What this task involves: If pictures are present, leave them out, and copy the data word for word.

The data:
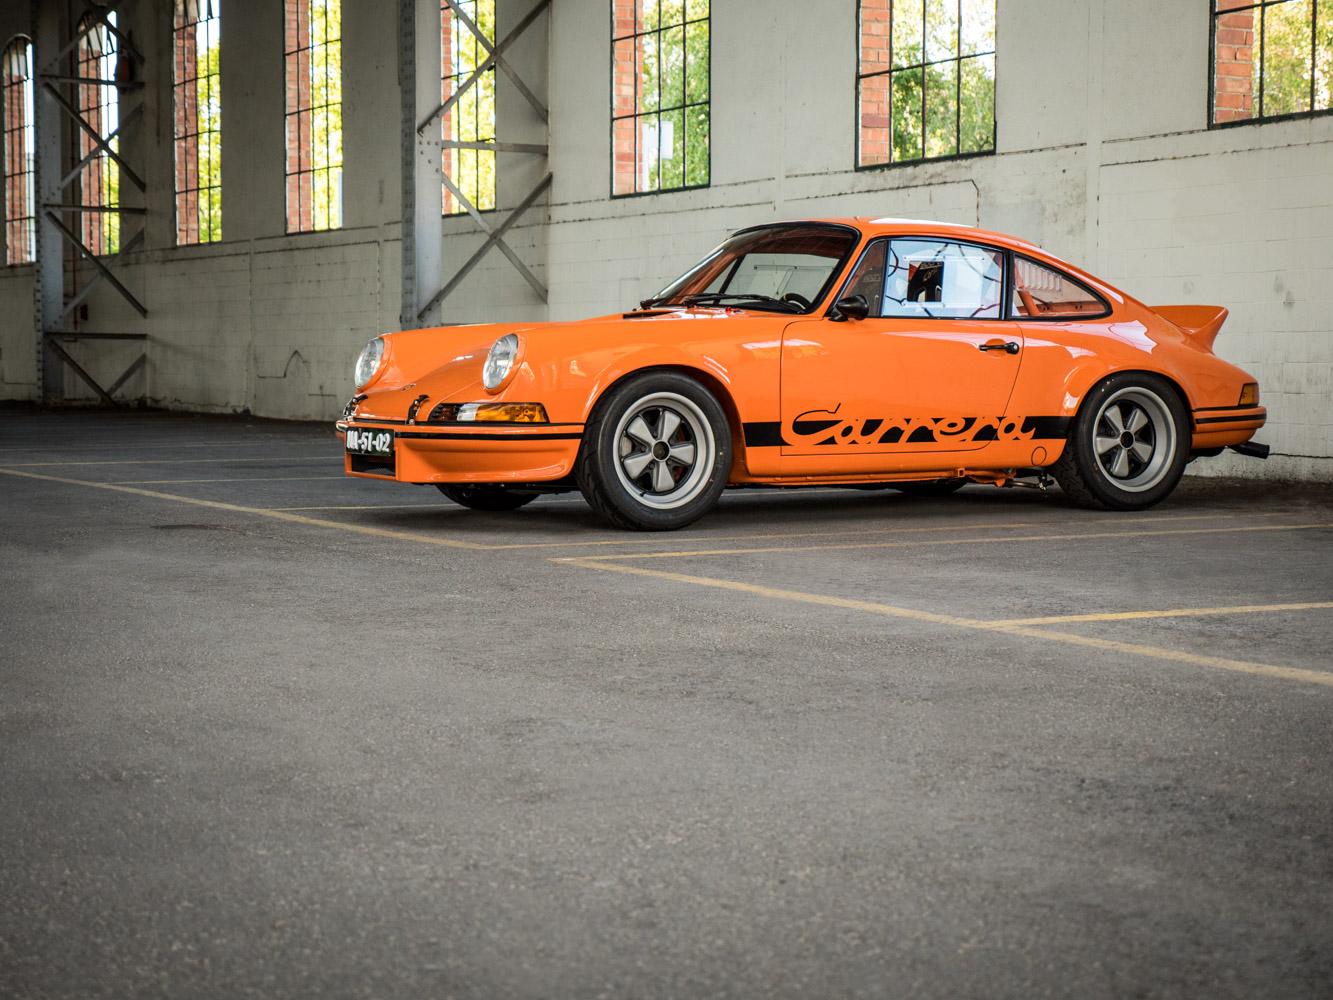 1969 Porsche 911 Carrera - 37.jpg.jpg
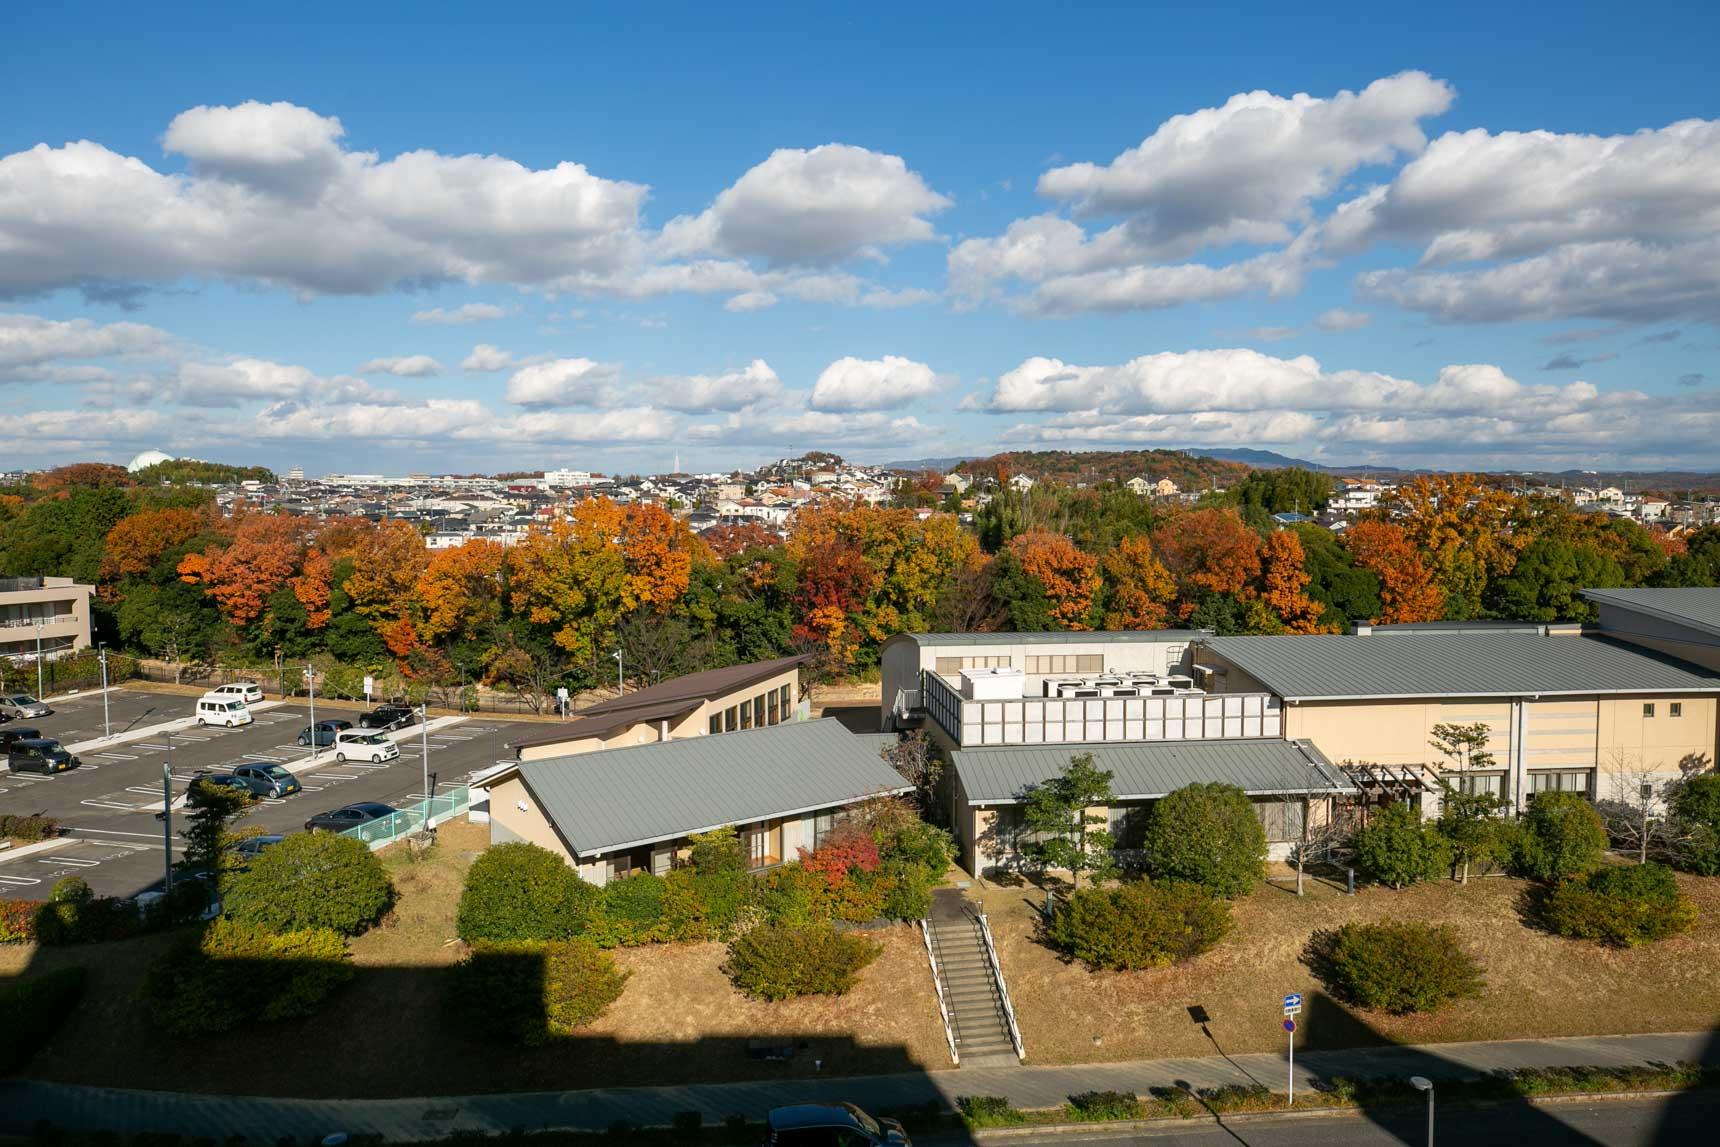 取材に訪れたのはちょうど紅葉の時期。お部屋の前の共用廊下から、見事に紅葉した緑地と、立派な建物が見えました。
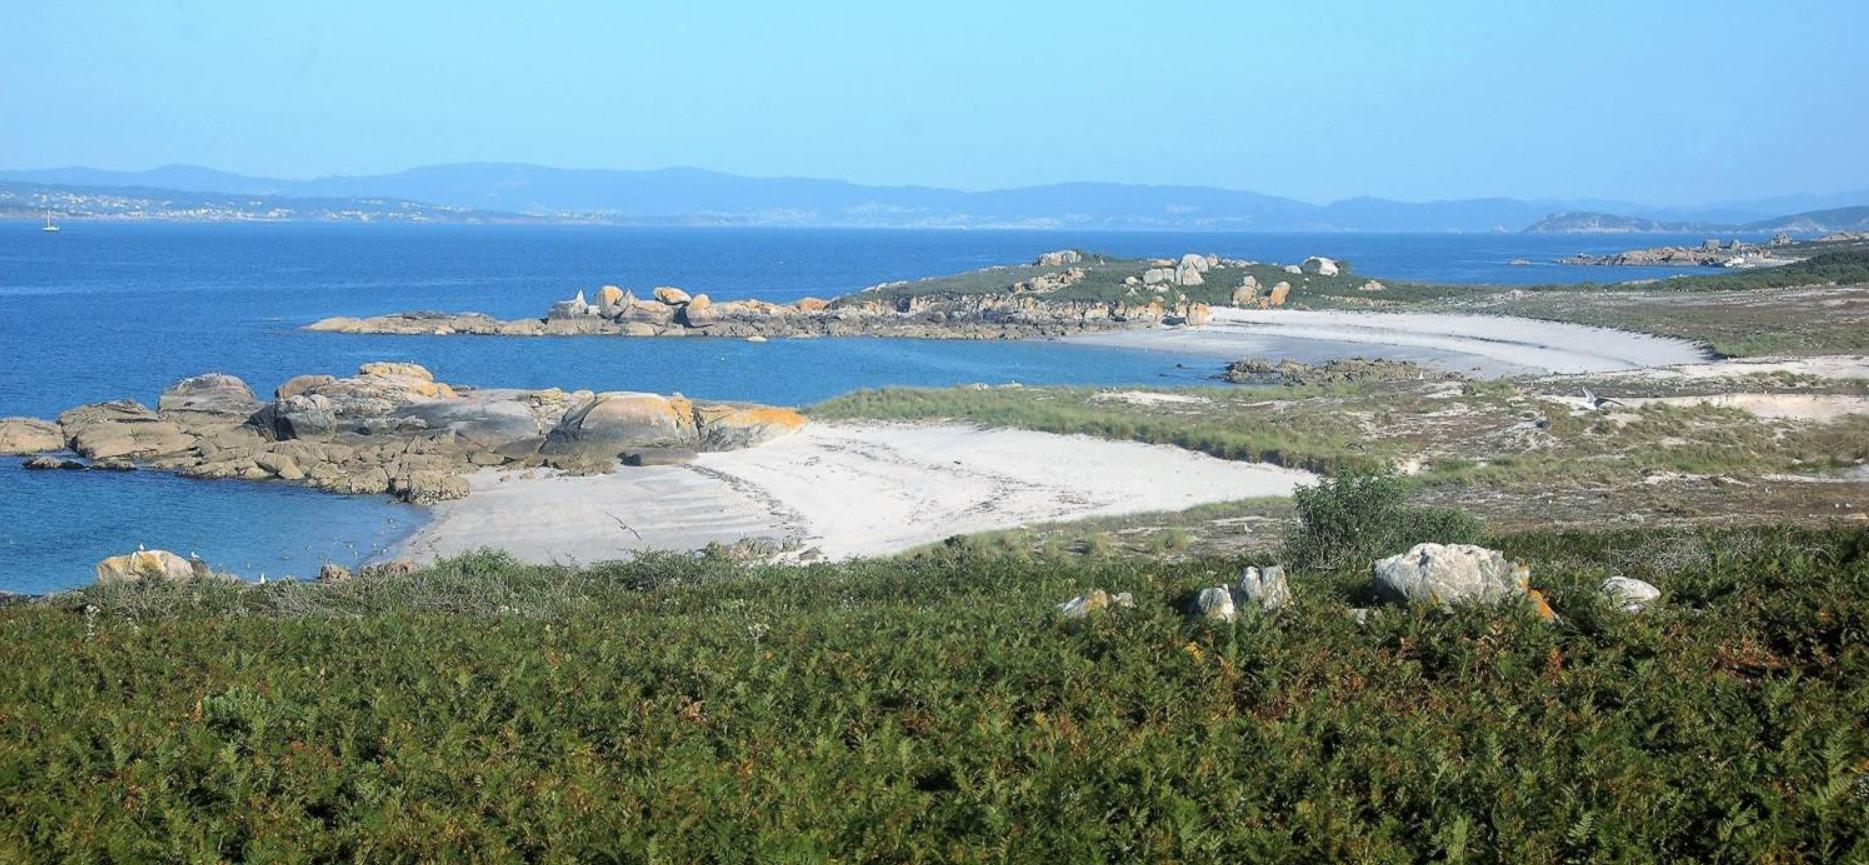 Dónde se encuentran las islas Atlánticas de Galicia

Reply:
 1969 Porsche 911 Carrera - 37.jpg.jpg
 取材に訪れたのはちょうど紅葉の時期。お部屋の前の共用廊下から、見事に紅葉した緑地と、立派な建物が見えました。
 Dónde se encuentran las islas Atlánticas de Galicia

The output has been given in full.